All four projects (RABIOPRED, ADDIA, COVIRNA, HELICAL) involve biomarker identification, validation, or diagnostic tool development.
FIRALIS
French biotech SME developing and validating diagnostic biomarker assays, specializing in RNA-based IVD kits and AI-driven disease prediction.
Their core work
Firalis is a French biotech SME specializing in diagnostic biomarker development and validation, based in Huningue near the Basel biotech cluster. They develop in-vitro diagnostic (IVD) assays and biomarker kits for disease prediction and patient stratification, with applications spanning rheumatoid arthritis, Alzheimer's disease, cardiovascular conditions, and COVID-19 prognosis. Their work bridges molecular biology (including long non-coding RNA) with AI-driven prediction models to translate research biomarkers into clinically usable diagnostic tools.
What they specialise in
COVIRNA focuses on long non-coding RNA as the basis for a COVID-19 prognostic test, suggesting deep molecular expertise.
COVIRNA combines AI with biomarkers for patient stratification and prediction modeling, indicating a move toward computational diagnostics.
RABIOPRED, ADDIA, and COVIRNA all center on validating biomarker assays for clinical use in specific disease contexts.
HELICAL project (MSCA-ITN) involved health record linkage, broadening their data capabilities beyond wet-lab diagnostics.
How they've shifted over time
In their early H2020 period (2015-2018), Firalis served as a third-party contributor providing biomarker assay expertise for specific diseases — rheumatoid arthritis (RABIOPRED) and Alzheimer's (ADDIA) — without leading or formally partnering. From 2019 onward, they stepped up to full participant roles, expanded into health data linkage (HELICAL), and took on their largest funded project (COVIRNA) combining RNA biomarkers with AI prediction models. This shift signals a company moving from specialized subcontractor to an active R&D partner with growing computational and data capabilities.
Firalis is evolving from a pure wet-lab biomarker company toward integrating AI and health data analytics into their diagnostic pipeline, making them increasingly relevant for digital health and precision medicine consortia.
How they like to work
Firalis has never coordinated an H2020 project, starting as a third-party contributor and graduating to participant status — a trajectory typical of growing SMEs building credibility in EU research.
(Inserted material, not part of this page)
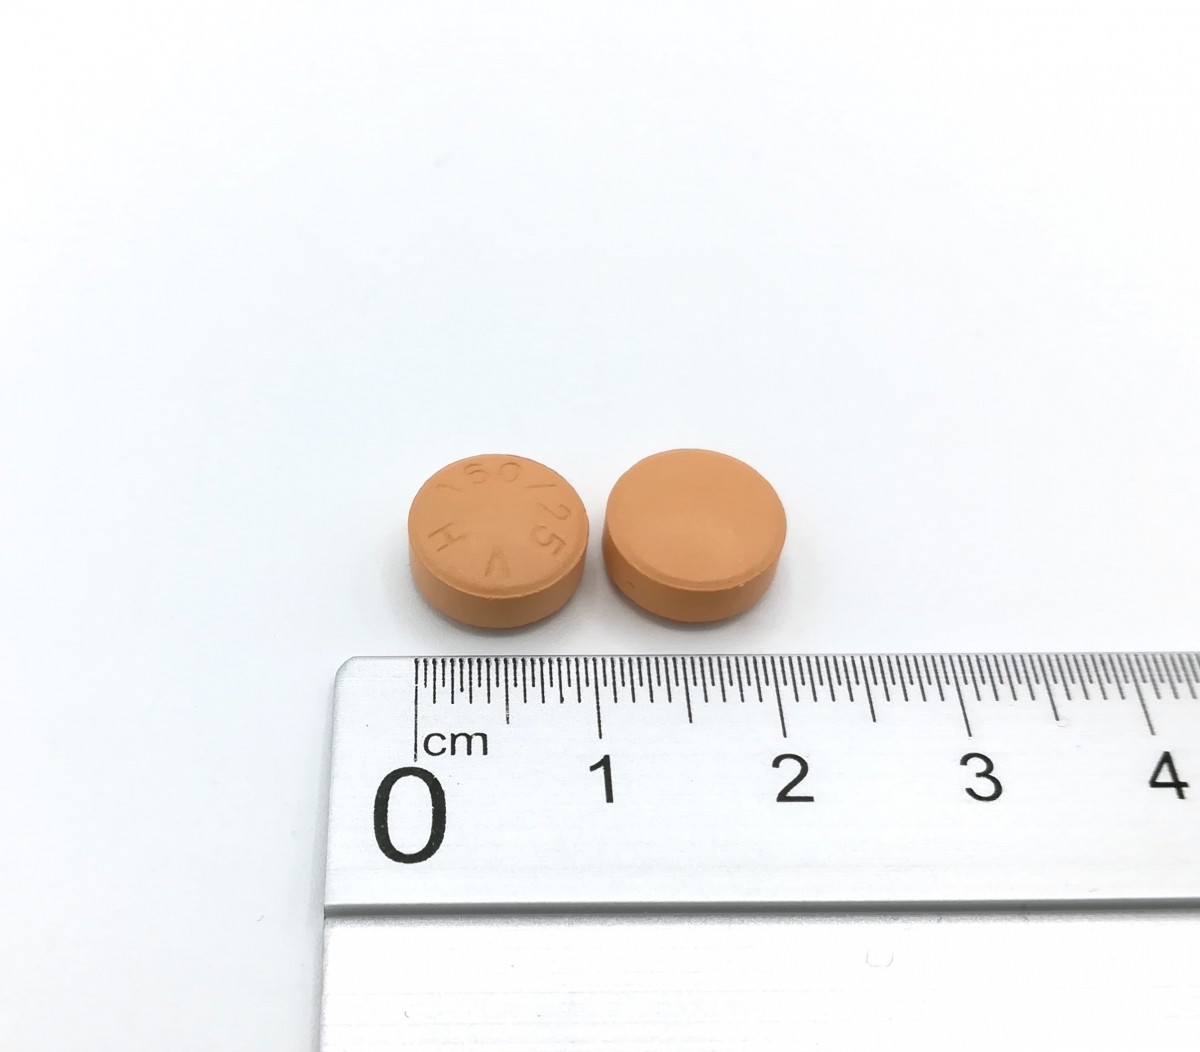 VALSARTAN/HIDROCLOROTIAZIDA NORMON 160 mg/25 mg COMPRIMIDOS RECUBIERTOS CON PELICULA EFG, 28 comprimidos fotografía de la forma farmacéutica.

Despite their small size, they have connected with 40 unique partners across 17 countries, indicating they are sought after for their specialized biomarker expertise rather than building a closed network. They fit best as a technical SME partner bringing diagnostic development capabilities to larger health-focused consortia.
With 40 consortium partners across 17 countries, Firalis has a surprisingly broad European network for an SME of its size. Their base in Huningue (French-Swiss-German border triangle near Basel) positions them at the heart of Europe's pharmaceutical and biotech corridor.
What sets them apart
Firalis occupies a specific niche: translating research-stage biomarkers into validated IVD products, which is the exact gap where most diagnostic innovations fail. Their combination of wet-lab assay development, RNA biology expertise, and emerging AI capabilities makes them a rare SME that can bridge molecular discovery and clinical deployment. For consortium builders, they bring a ready pathway from biomarker candidate to commercial diagnostic kit — a concrete exploitation route that strengthens any health project proposal.
Highlights from their portfolio
- COVIRNALargest funded project (EUR 1.1M) combining long non-coding RNA biomarkers with AI for COVID-19 prognosis — shows rapid pivot capability to urgent health challenges.
- ADDIAAddressed Alzheimer's blood-based diagnostics, one of the most commercially significant unmet needs in neurology, positioning Firalis in a high-value market.
- HELICALMSCA training network on health data linkage — unusual for a diagnostics SME, signals strategic expansion into data-driven health research.